--- Exercise ---
The expected answer is the data below, printed verbatim without its pictures.

--- Data excerpt ---
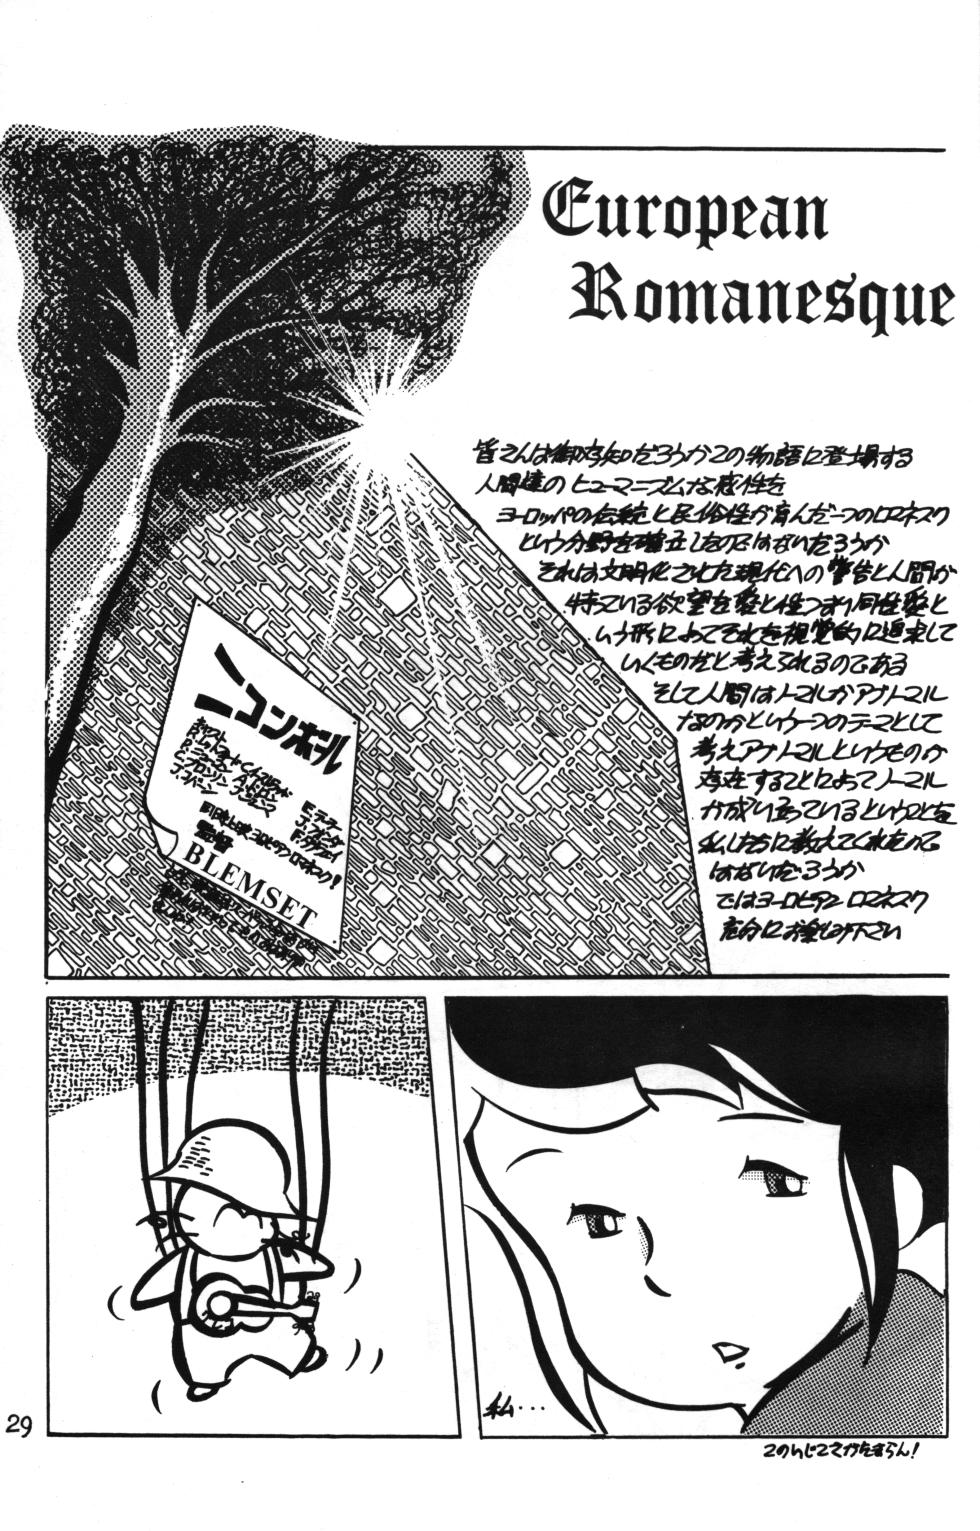 [AVC 2] Rana-chan World 3 (Alps no Shoujo Heidi) - Page 29
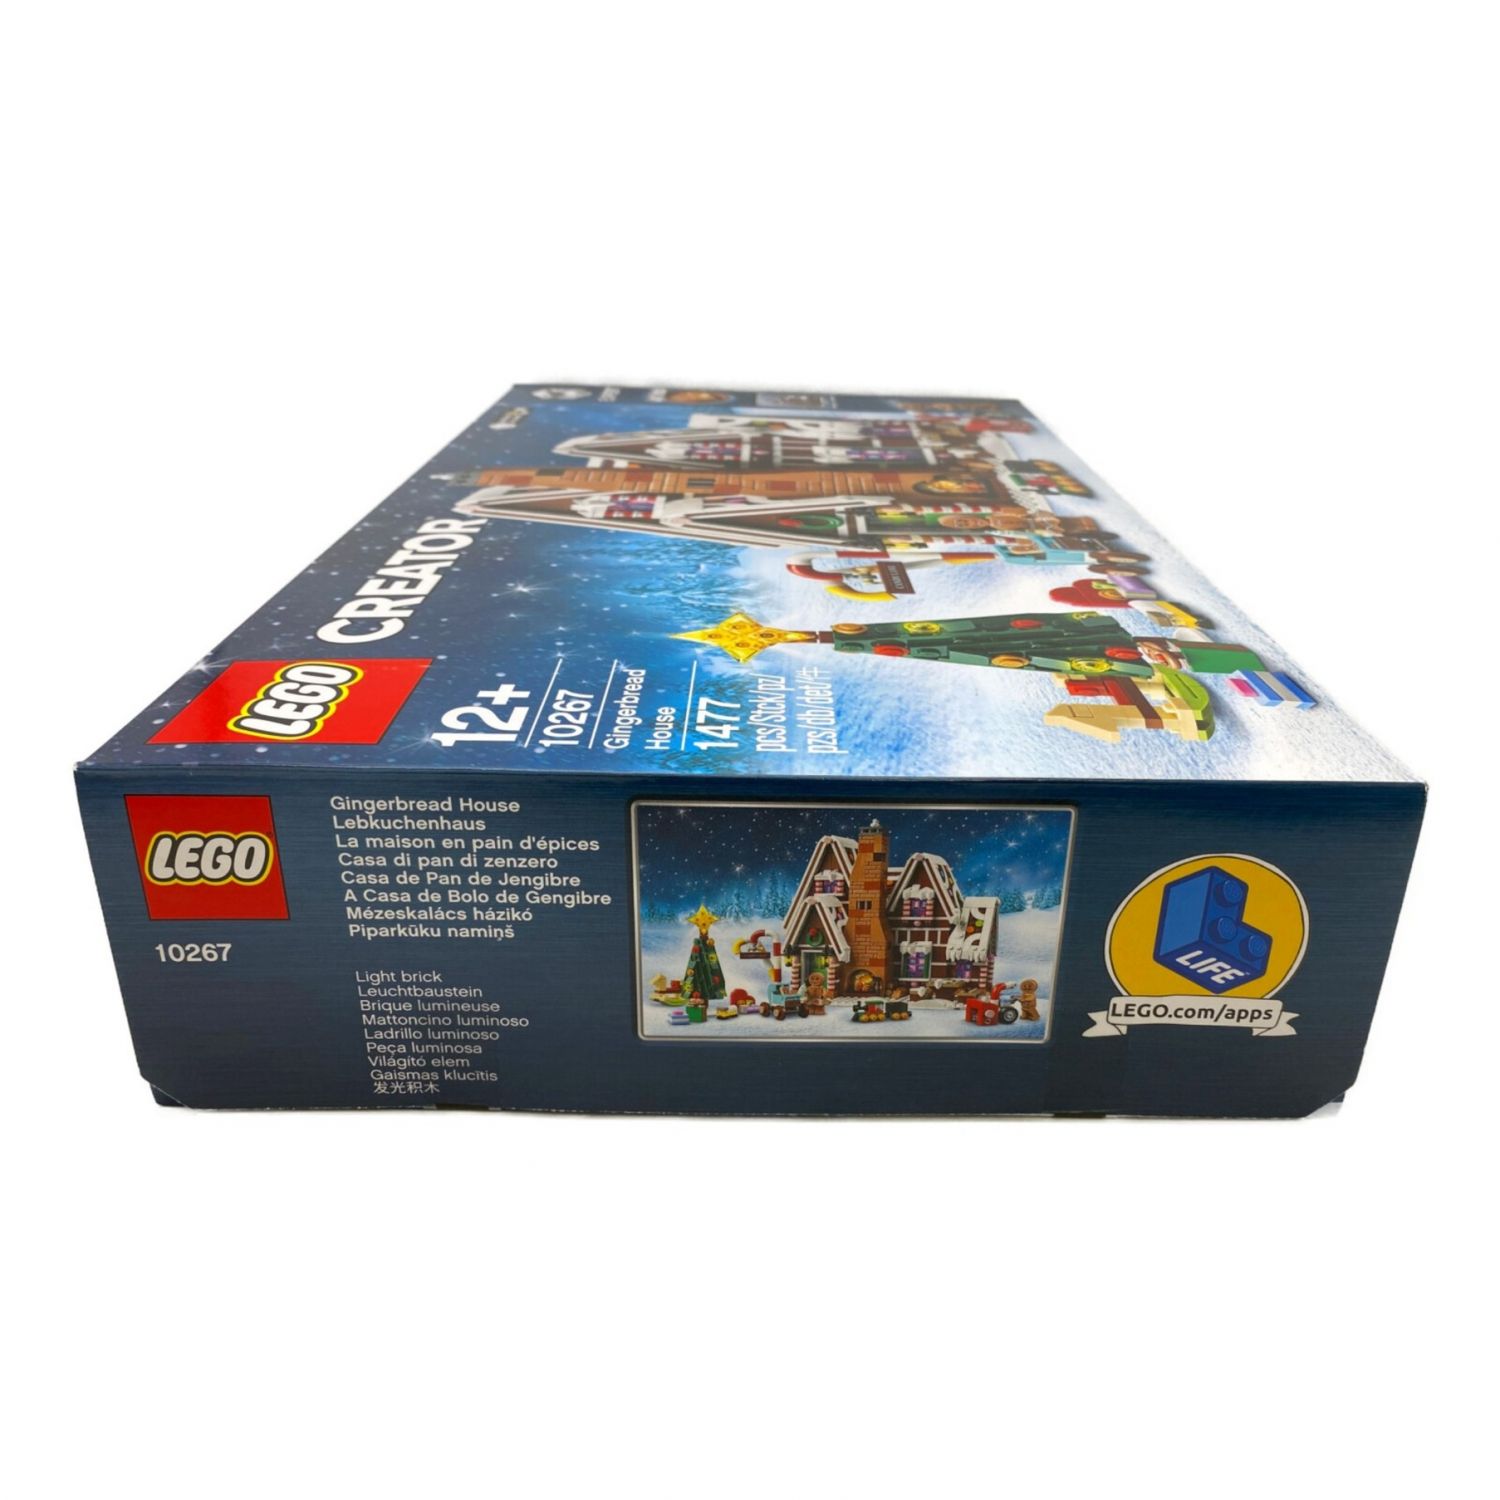 LEGO レゴ ブロック クリエイターエキスパートモデル ジンジャー
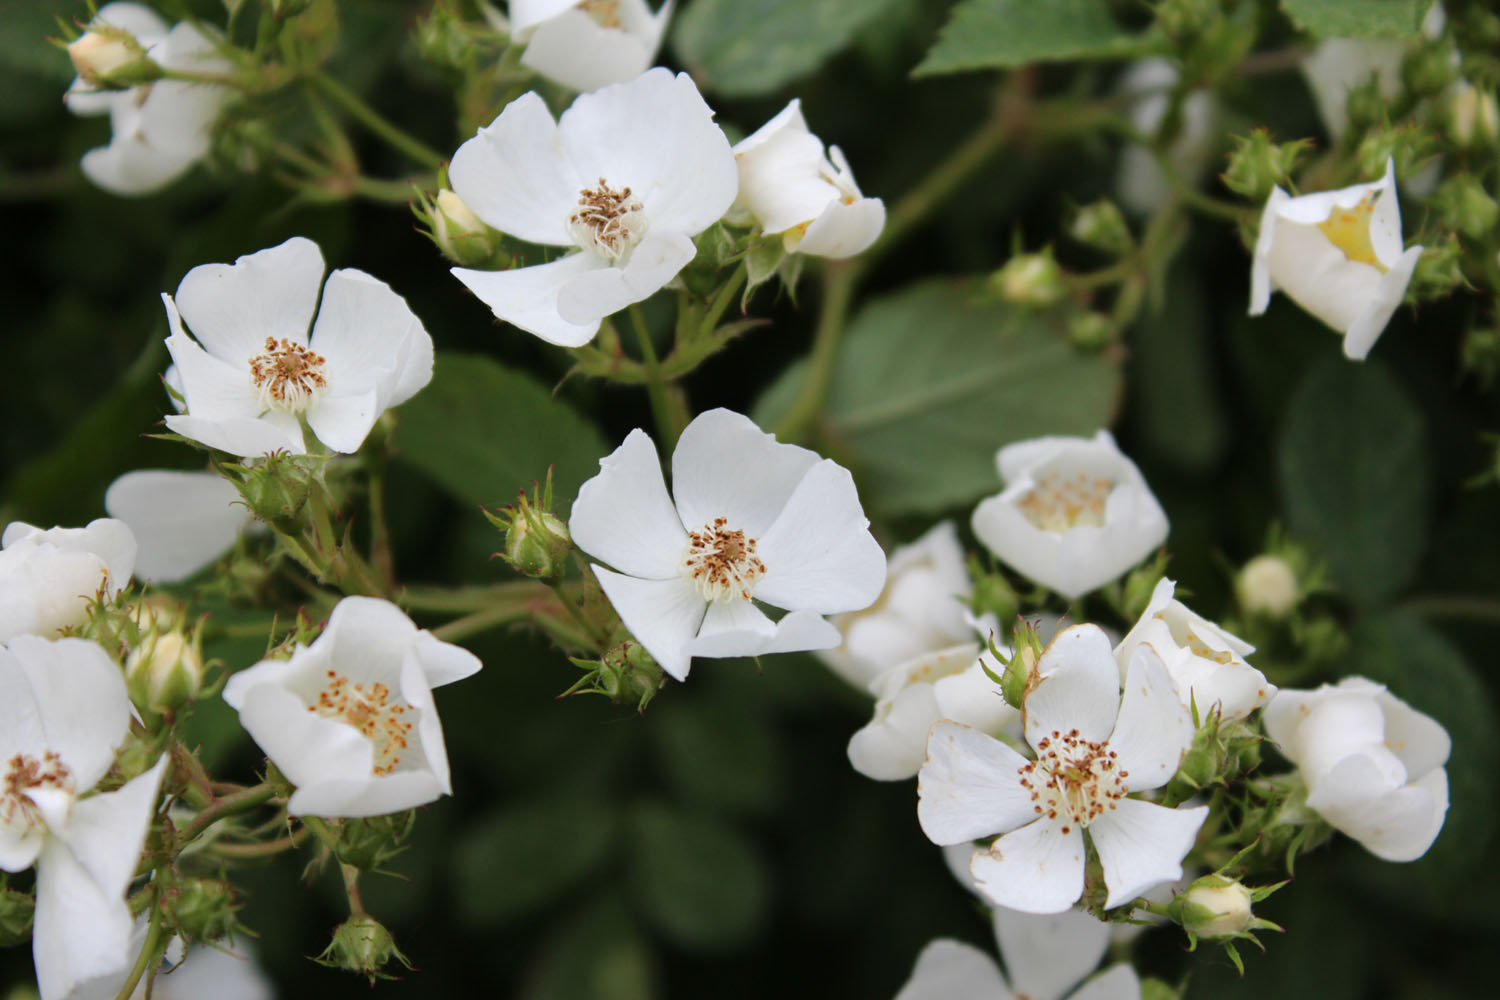 Edible Wild White Roses
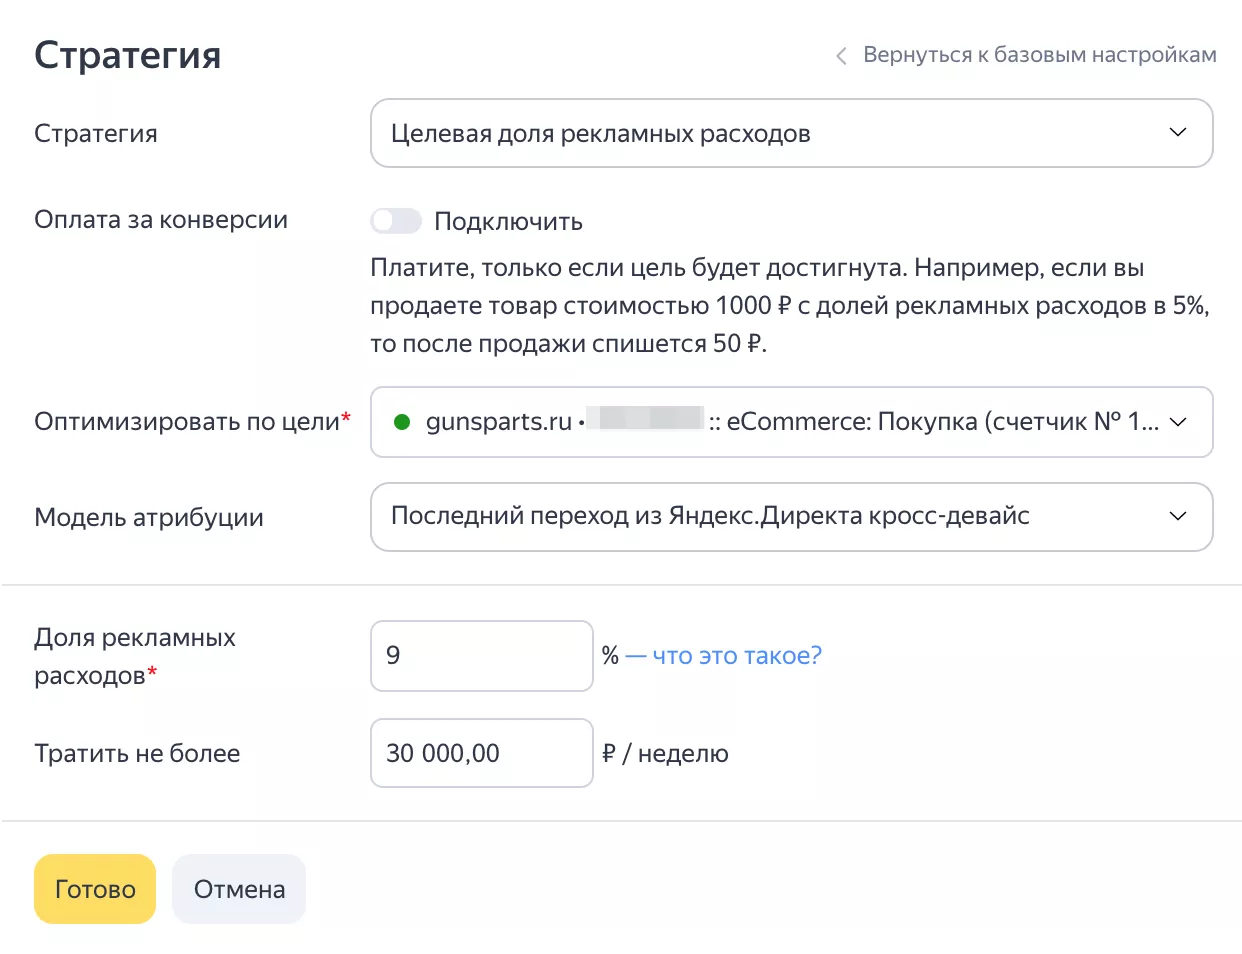 Параметры автоматической стратегии Яндекс Директ

--- Exercise response ---
 [AVC 2] Rana-chan World 3 (Alps no Shoujo Heidi) - Page 29
 LEGO レゴ ブロック クリエイターエキスパートモデル ジンジャー
 Edible Wild White Roses
 Параметры автоматической стратегии Яндекс Директ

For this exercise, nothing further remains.